This is probably not, I would say, due to the fact that the relevant events happened a long time ago.  Our problem isn't merely historical in nature, that is.  If that were all that was at stake, then we might expect that, now at least, we would be able to make life in a test tube.  But we can't do that.  We don't know how.

But it is worse than that, in Noë’s view.  He holds that we also do not even know whether such an explanation is just around the corner, or instead will require a scientific revolution, or, alternatively, will turn out to be impossible in principle. 

Something similar can be said, in his view, of the question of whether science can explain intelligence:

If we really understood what makes a person intelligent, then it ought to be relatively straight forward, at least in principle, to manufacture intelligence.  Some people believe that this is possible.  Others that we can actually make intelligent machines and robots now.  I do not suppose that they are wrong. But I do take it as manifest that we do not know this to be the case.  Many mainstream scientists and philosophers believe that true artificial intelligence is at best unfinished business.

With respect to both controversies -- the origin of life and the nature of intelligence -- Noë writes:

What kind of disagreement is this?  To my mind it is foolish to cast it as a standoff between those who embrace science and admit its stunning achievements and those who reject the project of natural science itself.  It is not a conflict between those who know and those who are confused.  Some critics of Nagel's book adopt this pose, as if this were some kind of episode in our culture wars…

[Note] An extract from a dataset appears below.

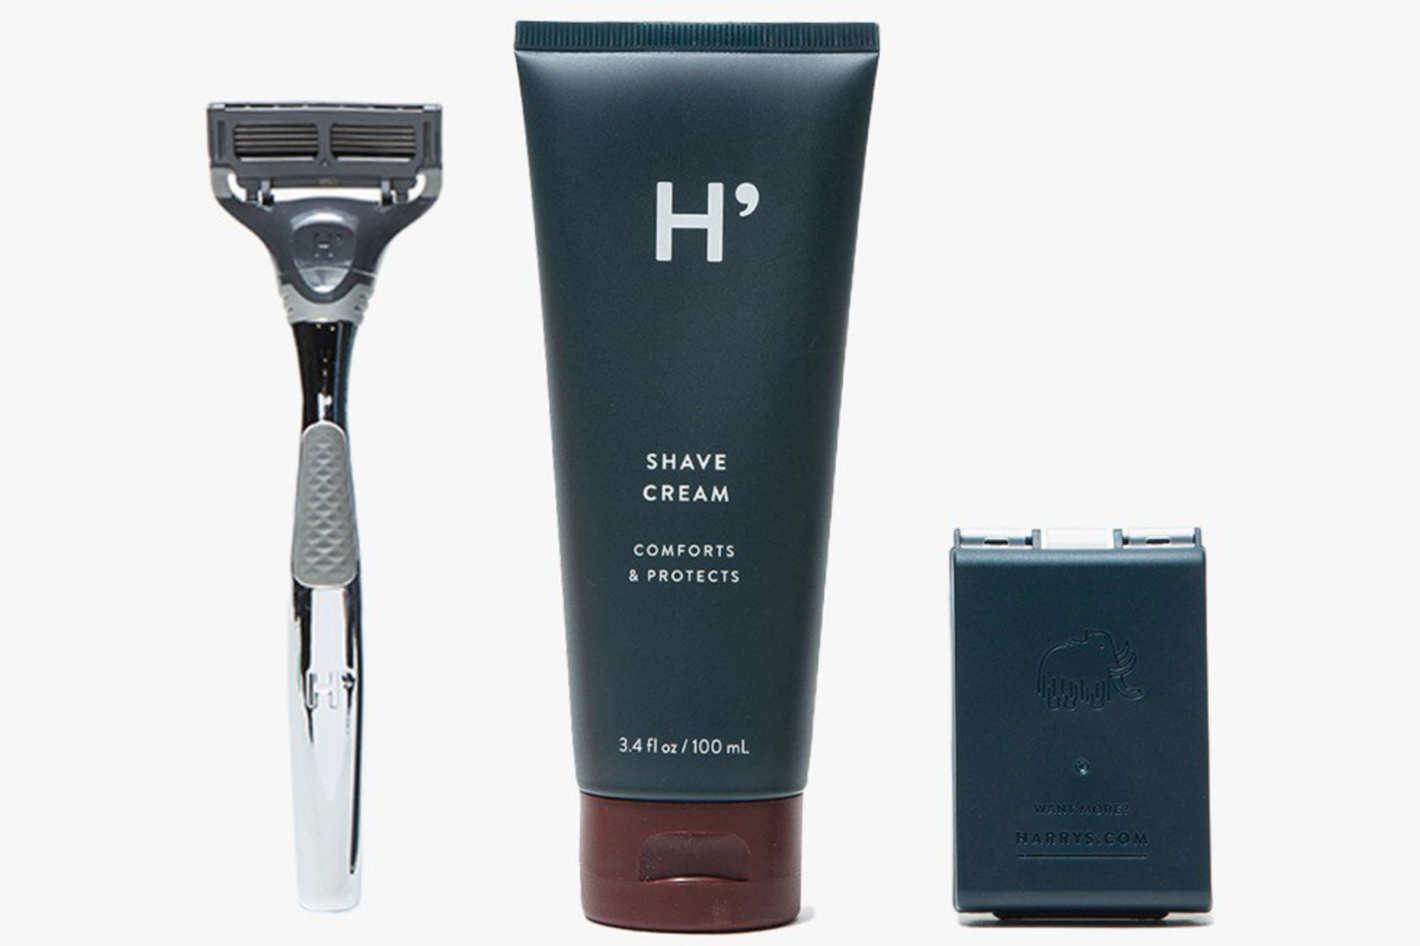 Harry's Chrome Winston Set + Shave Cream

The issue at stake is internal to science.  We have not yet integrated an account of ourselves into our understanding of nature.  And so our conception of nature itself is, or threatens to be, incomplete.

End quote.  In my earlier post on Noë I noted that he also holds that “we haven't a clue” how “consciousness [emerges] from the behavior of mere matter.”  The issue here, of course, concerns what David Chalmers calls the “hard problem” of consciousness -- the problem of explaining why the neural processes that underlie perception, behavior, etc., are associated with qualia, those aspects of a conscious experience directly knowable only from the subjective or “first person” point of view.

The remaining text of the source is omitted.